### Assigned task
Produce a verbatim copy of the data below that contains no pictures.

Top of Materials provided

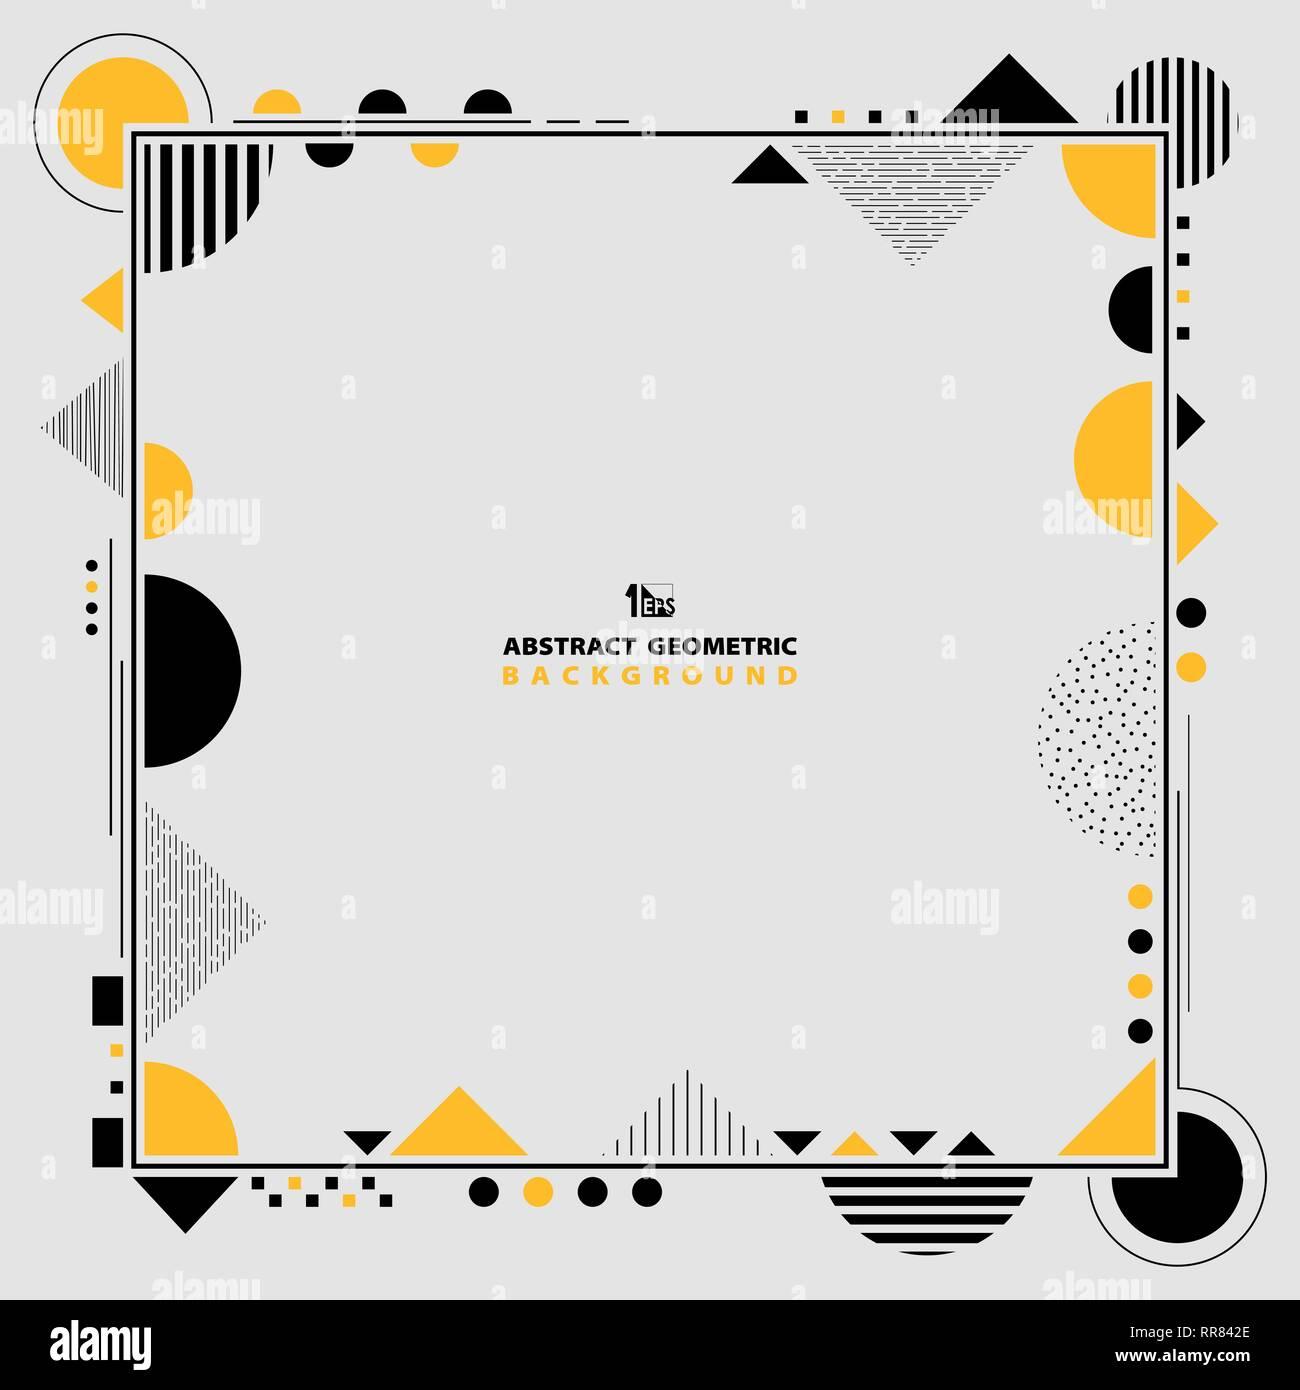 Abstrakte moderne Gelb und Schwarz geometrische Form rahmen Artwork. Sie können für die Idee dekoration design, Plakat, Anzeige, Abdeckung, Bericht verwenden. Vector EPS 10. Stockbild
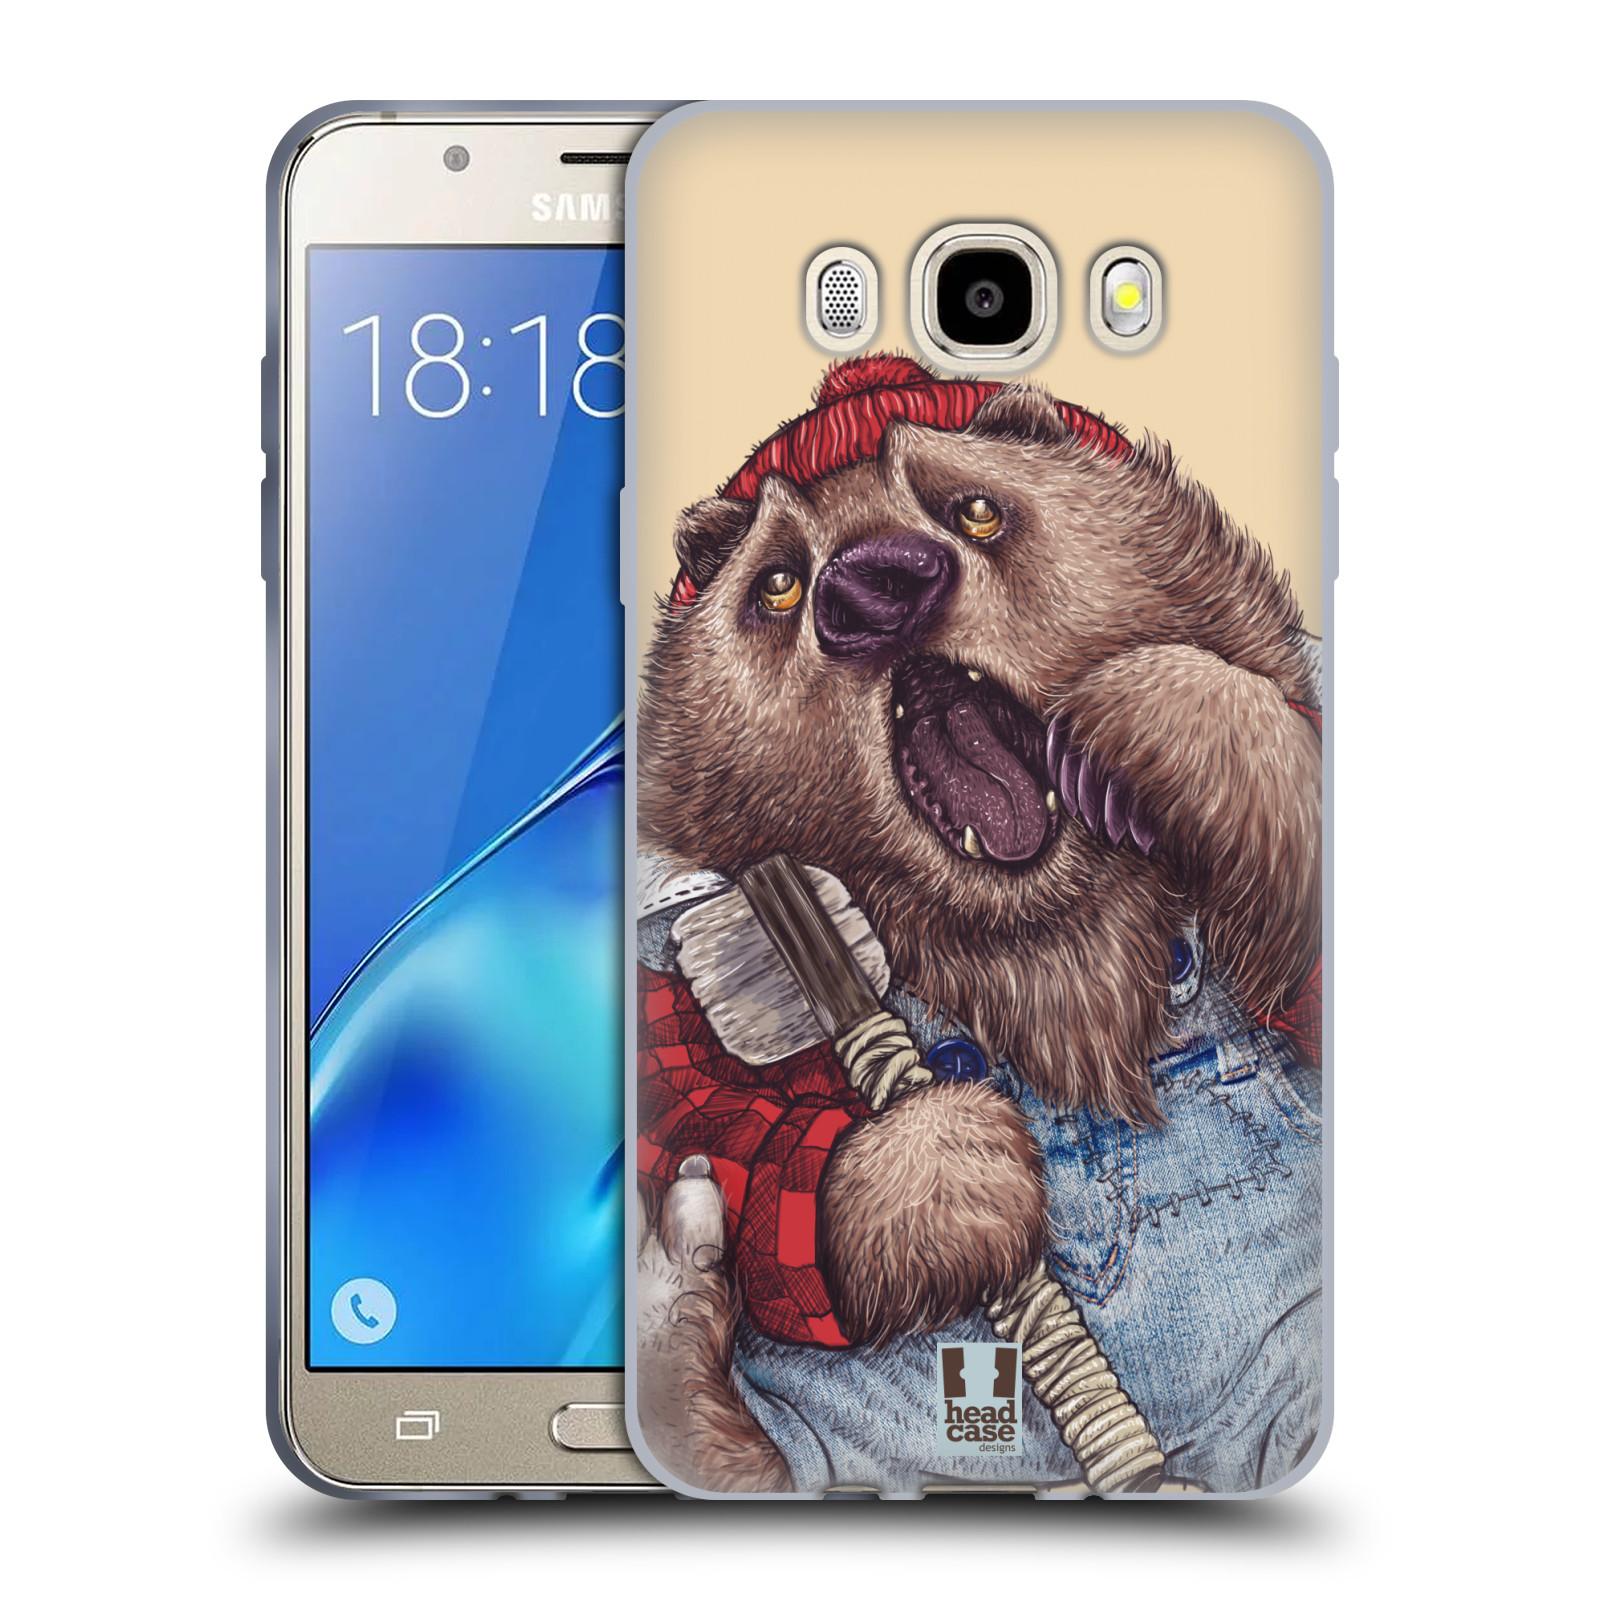 HEAD CASE silikonový obal, kryt na mobil Samsung Galaxy J5 2016, J510, J510F, (J510F DUAL SIM) vzor Kreslená zvířátka medvěd
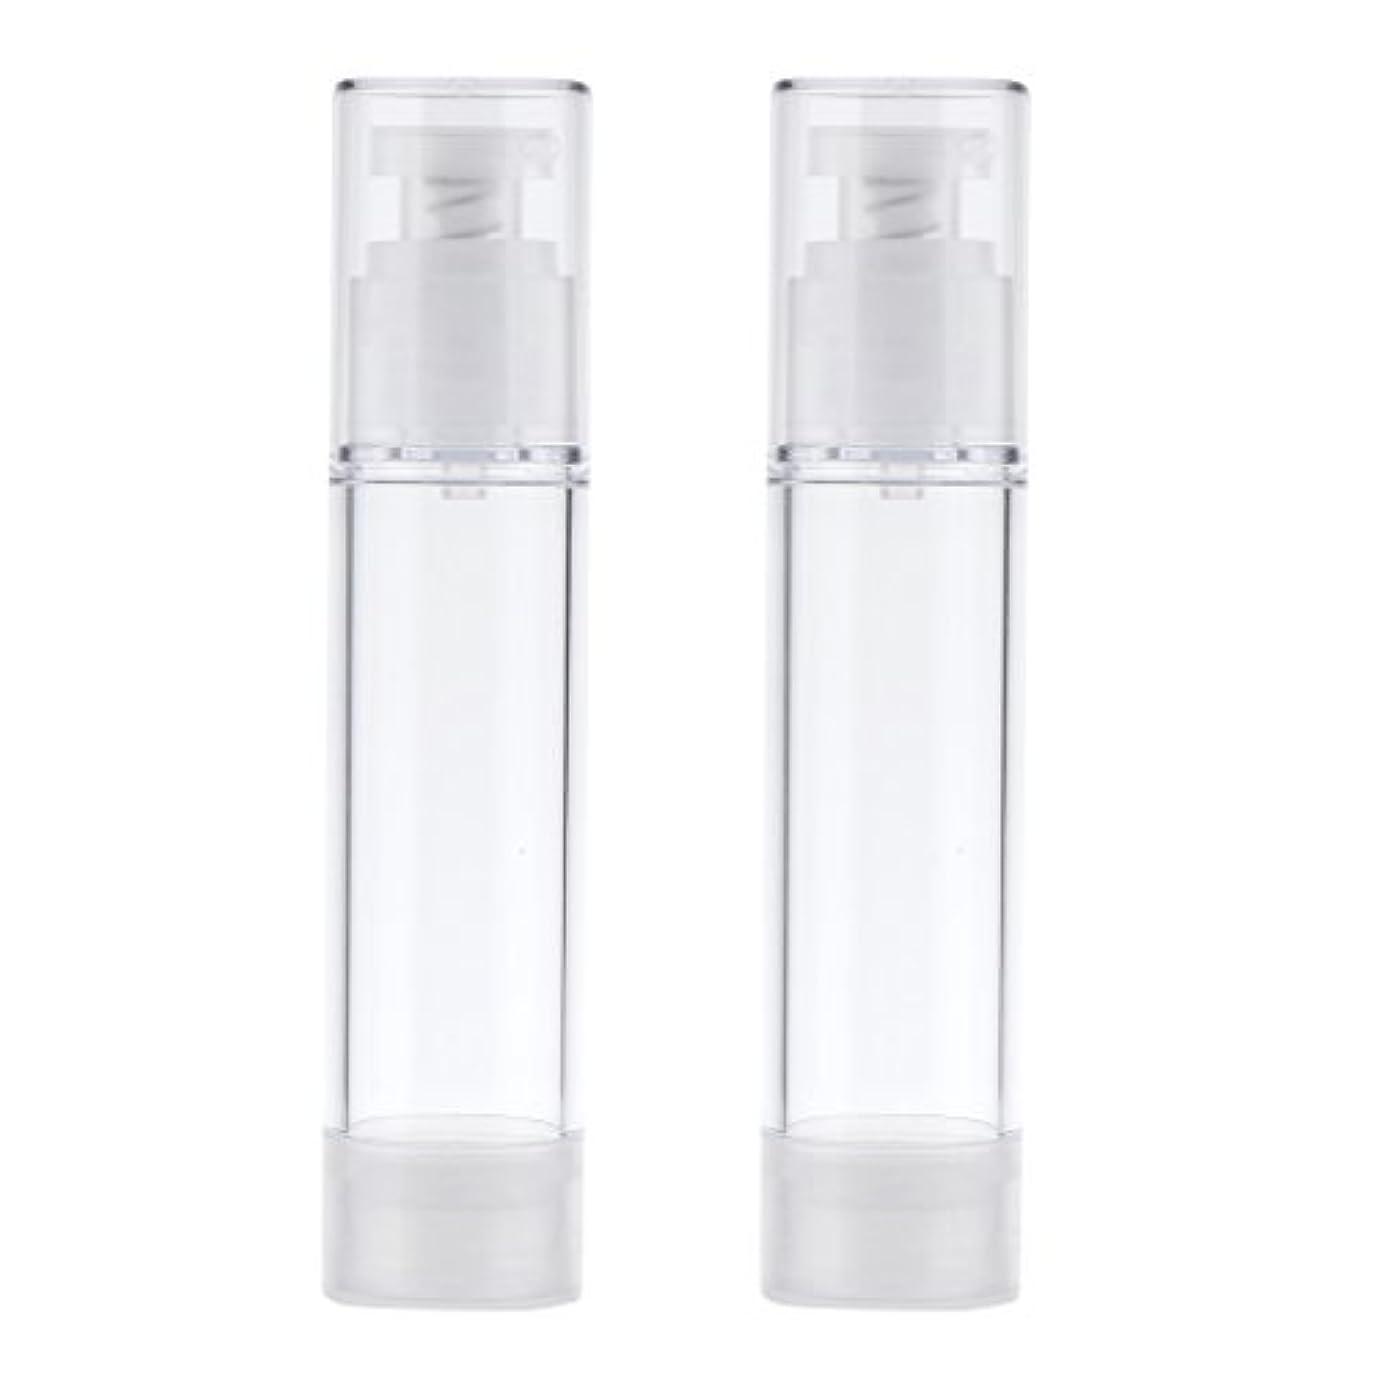 あいまいなジャケットダイヤモンドBlesiya 2個 空ボトル ポンプボトル ローション コスメ ティック クリームボトル エアレスポンプディスペンサー 3サイズ選べる - 50ml
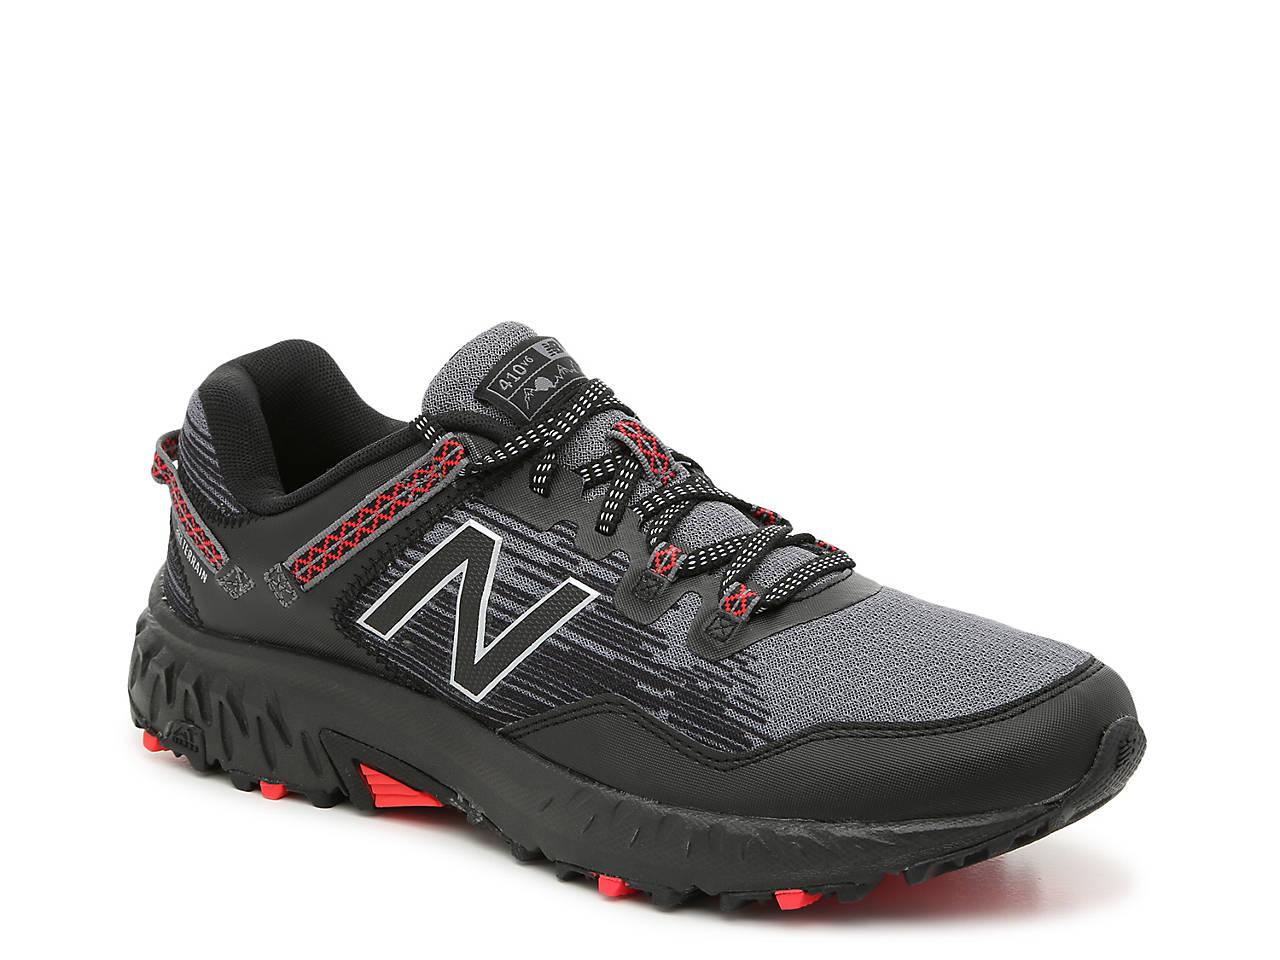 3ba43cd3394ad New Balance 410 v6 Running Shoe - Men's Men's Shoes | DSW
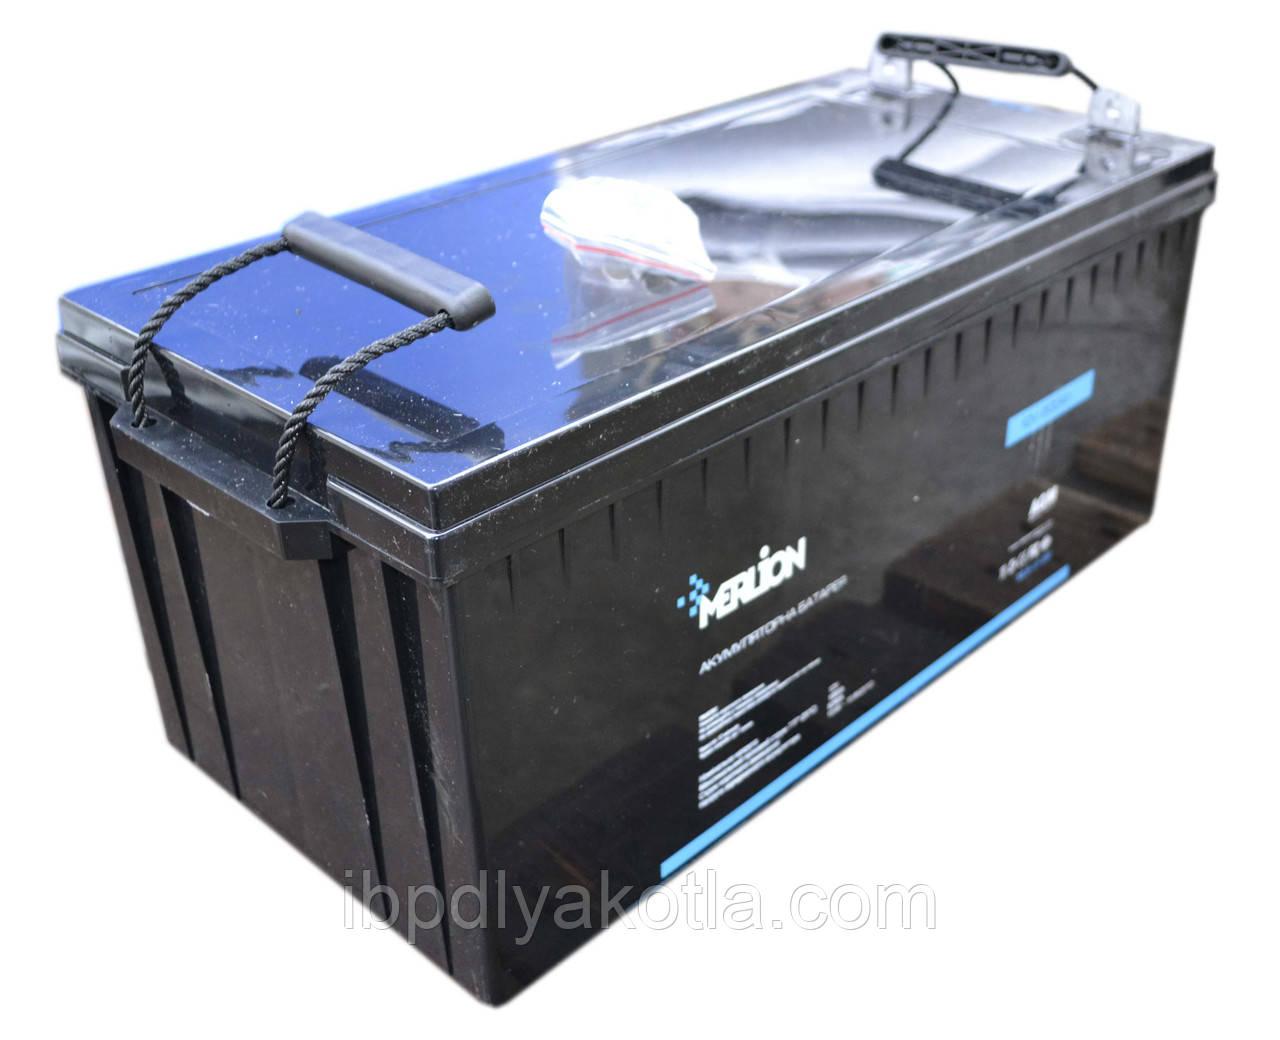 Акумулятор мультигелевый MERLION MLB-12-200 12V 200AH, (AGM) для ДБЖ

Bottom of Materials provided

### Exercise response
 Abstrakte moderne Gelb und Schwarz geometrische Form rahmen Artwork. Sie können für die Idee dekoration design, Plakat, Anzeige, Abdeckung, Bericht verwenden. Vector EPS 10. Stockbild
 HEAD CASE silikonový obal, kryt na mobil Samsung Galaxy J5 2016, J510, J510F, (J510F DUAL SIM) vzor Kreslená zvířátka medvěd
 あいまいなジャケットダイヤモンドBlesiya 2個 空ボトル ポンプボトル ローション コスメ ティック クリームボトル エアレスポンプディスペンサー 3サイズ選べる - 50ml
 3ba43cd3394ad New Balance 410 v6 Running Shoe - Men's Men's Shoes | DSW
 Акумулятор мультигелевый MERLION MLB-12-200 12V 200AH, (AGM) для ДБЖ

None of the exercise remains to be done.